Dataframe是由rows跟named columns組成，而Series則是指單一一欄。也就是說，Dataframe由Series跟每個Series的名稱組成。

city_names = pd.Series(['San Francisco', 'San Jose', 'Sacramento'])
population = pd.Series([852469, 1015785, 485199]) #少一個會怎樣?

pd.DataFrame({ 'City name': city_names, 'Population': population })

這裡分別宣告了Series，然後去組成dataframe。

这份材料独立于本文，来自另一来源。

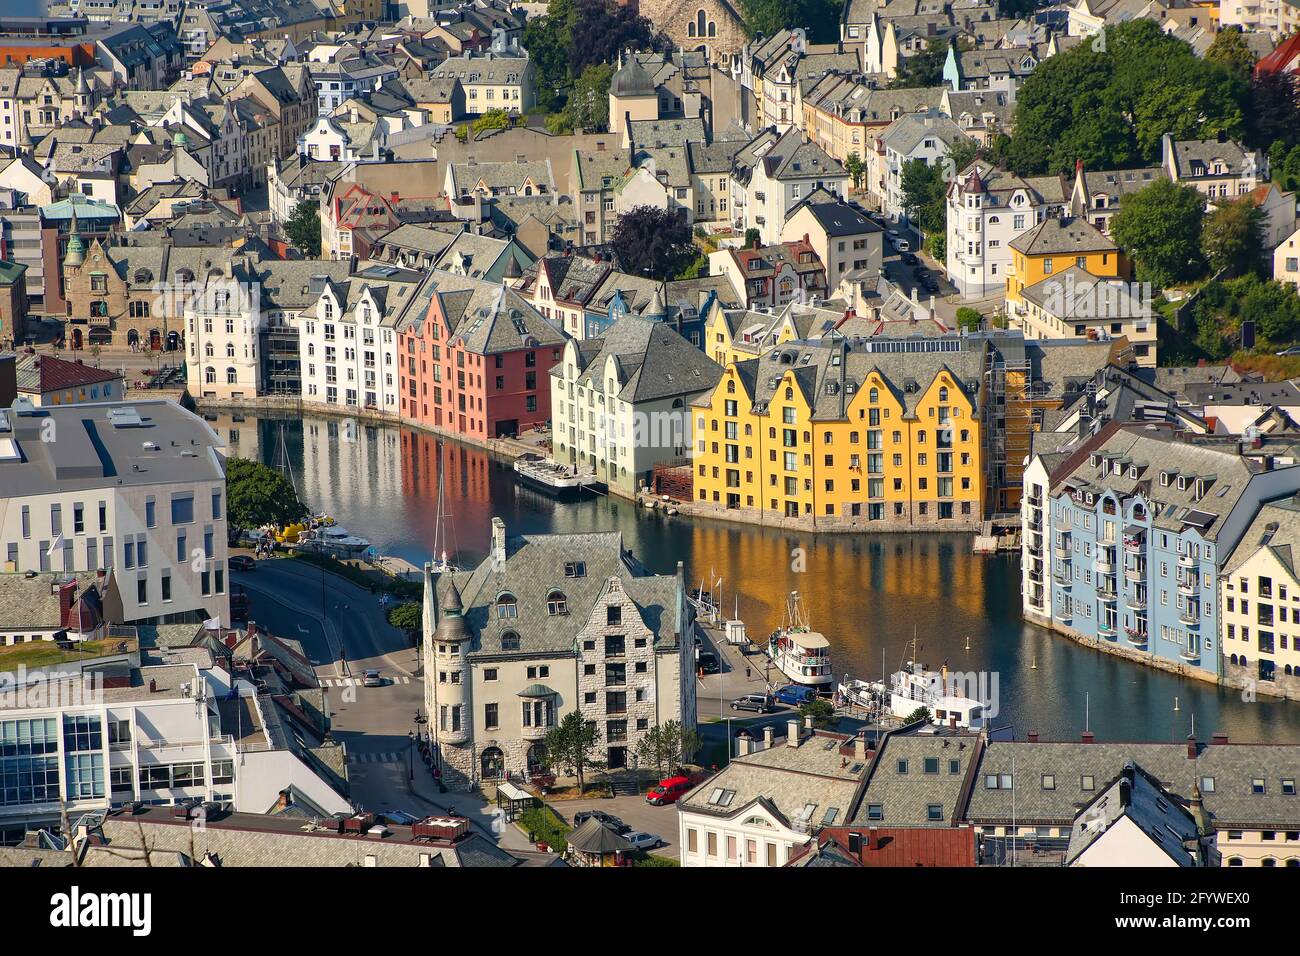 Close up of the beautiful buildings in the town centre from above. Art nouveau architecture and canals from the viewpoint Aksla, Alesund, Norway. Stock Photo

可以試試看某個Series少一個element會怎樣。

california_housing_dataframe = pd.read_csv("https://download.mlcc.google.com/mledu-datasets/california_housing_train.csv", sep=",")
california_housing_dataframe.describe()

這邊則是把CSV吃進Dataframe，並用describe看看有興趣的統計數值。
然後要畫出某列的柱狀圖也很簡單: california_housing_dataframe.hist('housing_median_age')

接著是對Dataframe的一些操作

#我修改了某部分的code，讓大家看一些細微差異
cities = pd.DataFrame({ 'City name': city_names, 'Population': population })

# sub-dataframe
print(type(cities[['City name']]))
print(cities[['City name']])

# Series
print(type(cities['City name']))
print(cities['City name'])

See, [[]]會變成Dataframe, []則是回傳Series。

# Dataframe中'City name' series的第二個
print(type(cities['City name'][1]))
cities['City name'][1]

# Dataframe中第0列開始取2列
print(type(cities[0:2]))
cities[0:2]

接著一些對Series的運算:

import numpy as np

# 取populatioin series 的log運算
np.log(population)

# Series 每個除以1000
population / 1000.

# 每個element做個別運算(val > 1000000)
population.apply(lambda val: val > 1000000)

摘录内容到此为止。